Shortly after, Deal declared May 2016 X and Y Variation Awareness Month. “It gave us incredible credibility,” Close says.

Meanwhile, the project was also gaining credibility at Emory University, Close’s home base. The university agreed to launch an interdisciplinary clinic to treat kids and young adults who have sex chromosome variations, making it one of a handful of such clinics around the country. The eXtraordinarY Kids Clinic in Atlanta opened in February 2016. It provides tailored consultations from specialists in developmental pediatrics, genetic counseling, neuropsychology, endocrinology, and urology.

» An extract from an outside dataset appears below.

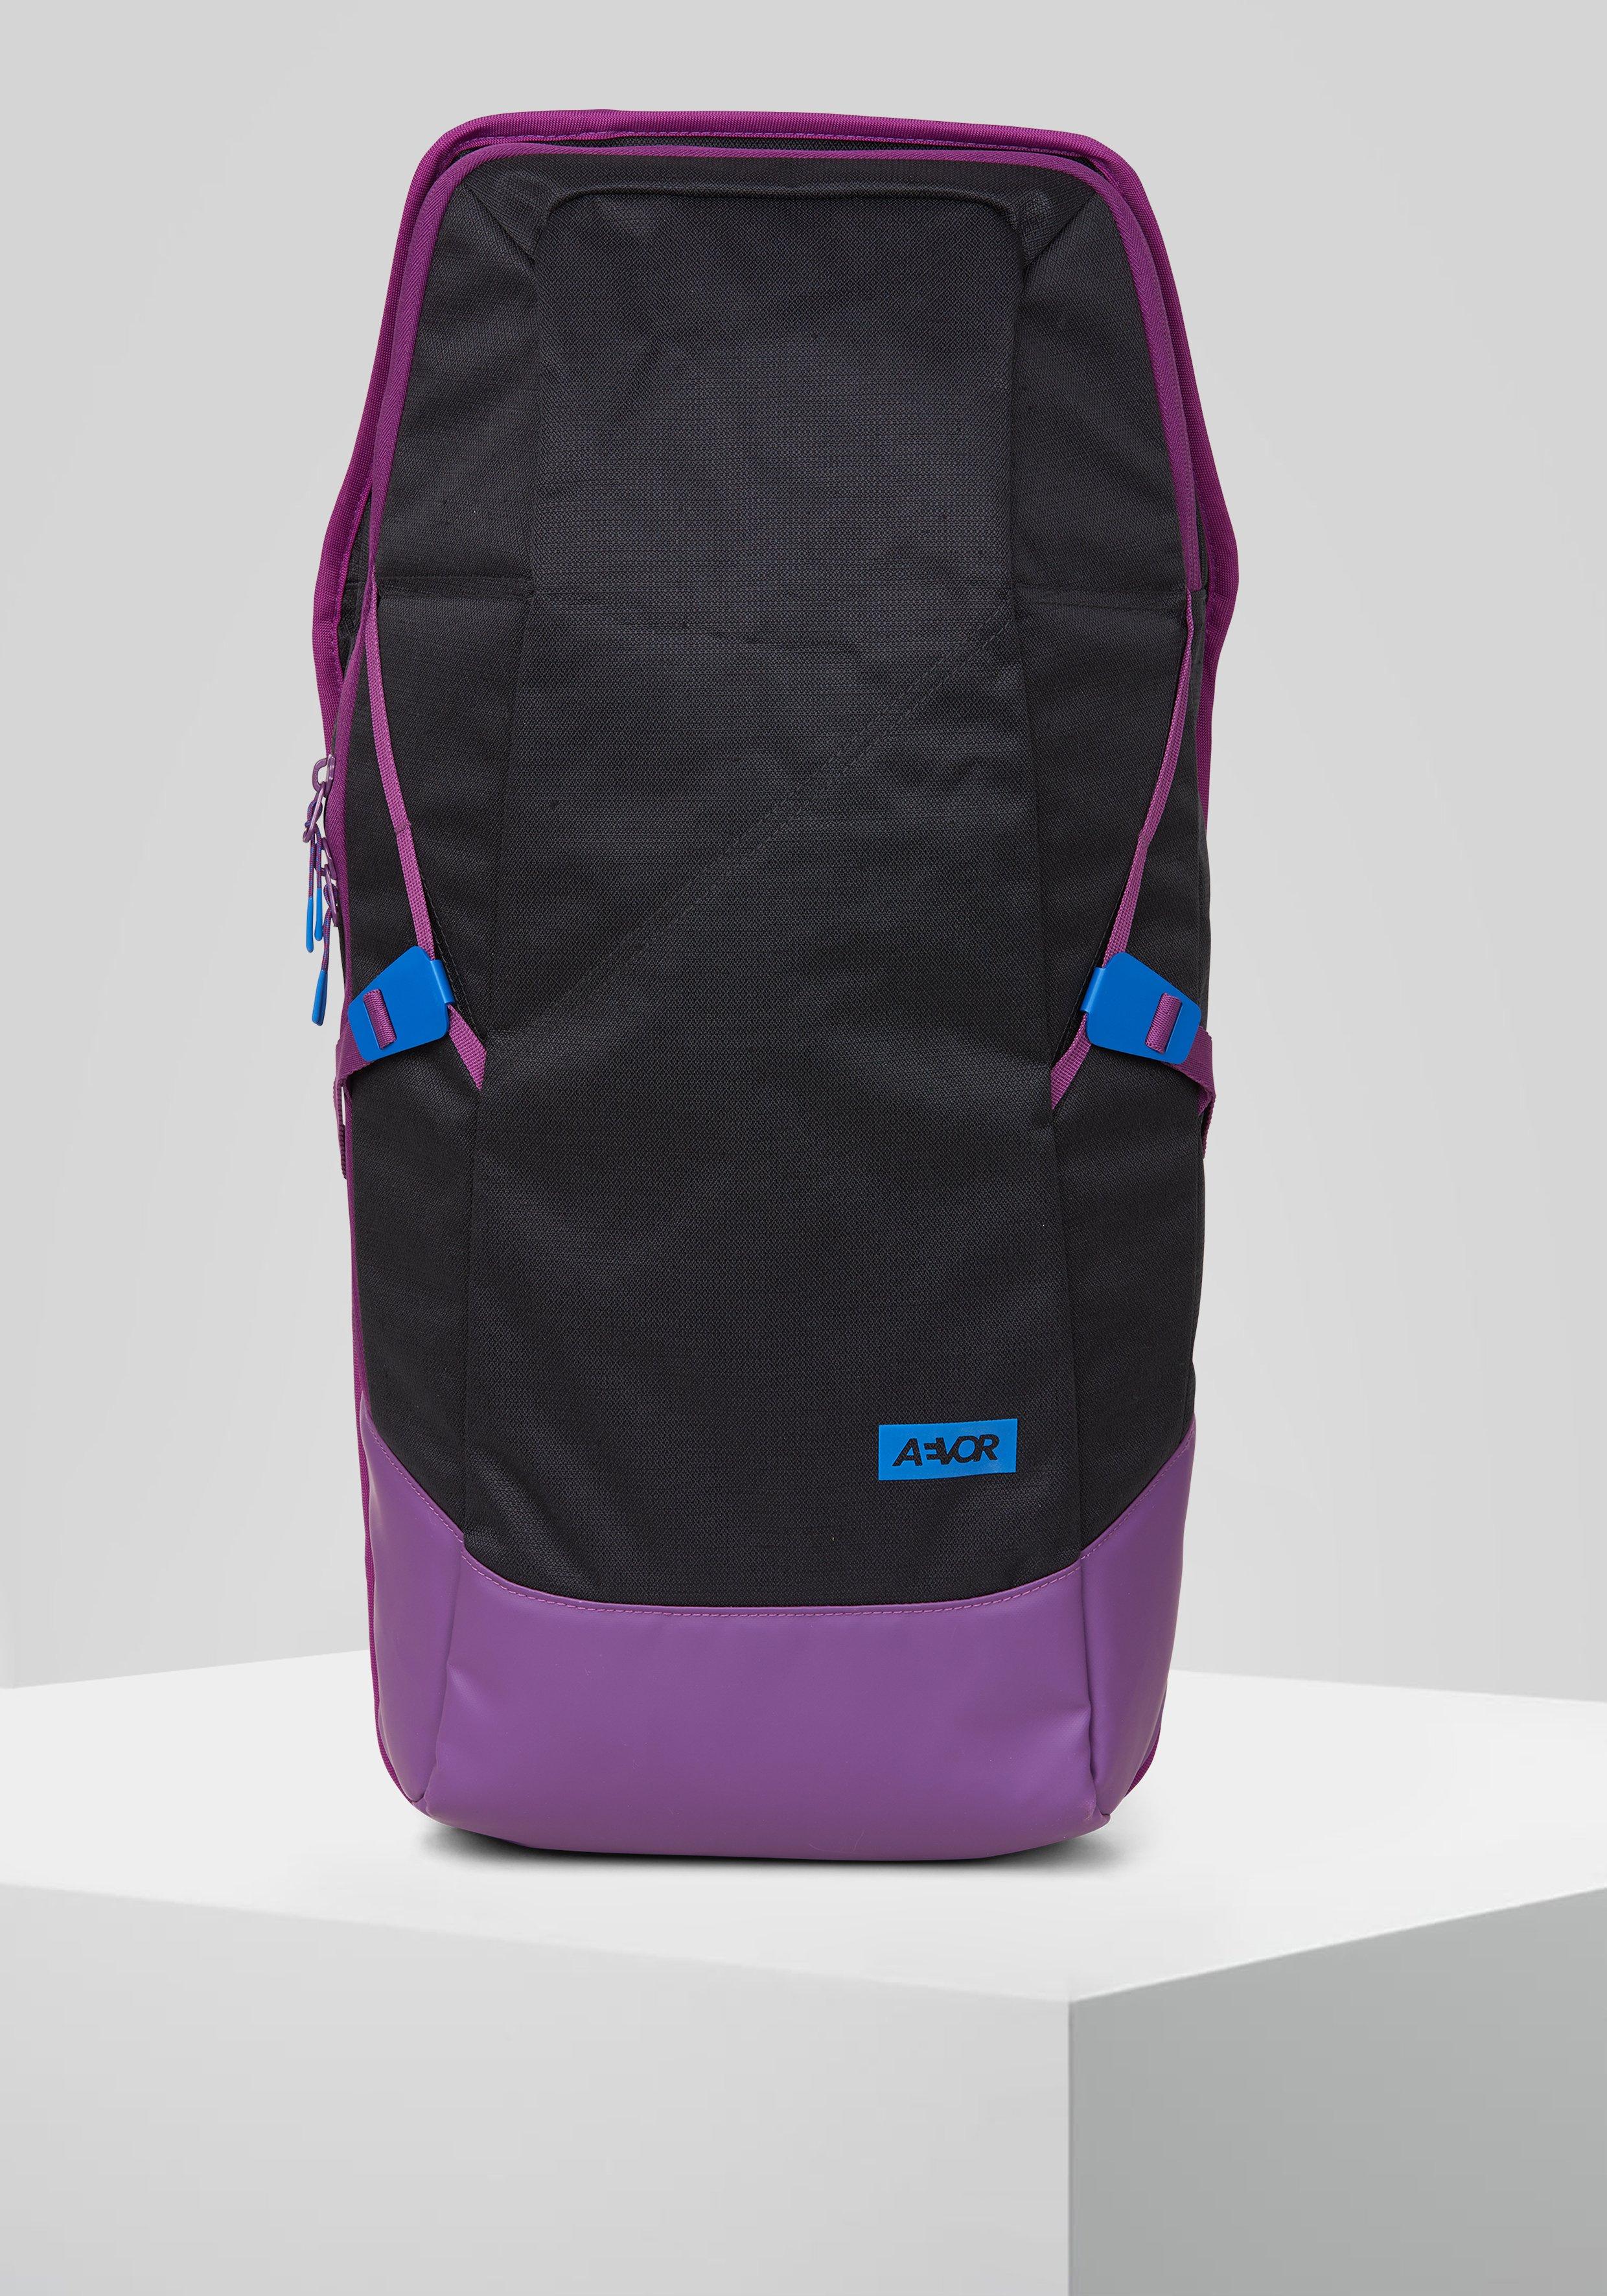 AEVOR Tagesrucksack - purple/lila - Herrentaschen bfNde

Another unexpected dividend: The work created by the PCORI grant attracted the attention of a documentary filmmaker, Dianne Steinkraus, whose sister has a sex chromosome aneuploidy known as trisomy X. Now she and Close are producing a full-length film about people with X and Y chromosome variations. They also intend to use footage in teaching modules for people who work in medicine, psychiatry, education, law enforcement, and the judicial system.

The PCORI-funded project also created such a strong bond among patients and their families that some created the AXYS Southeastern Support Group, which meets bi-monthly, offering presentations of interest and support. This regional support group now draws people from North Carolina, South Carolina, Tennessee, Georgia and Florida.

“I had very concrete goals when the project started: I wanted to have five new research questions that were patient-centered,” Close says. She now has more than double that (see box, A Bounty of Research Questions). “All these other unexpected dividends, I never could have imagined.”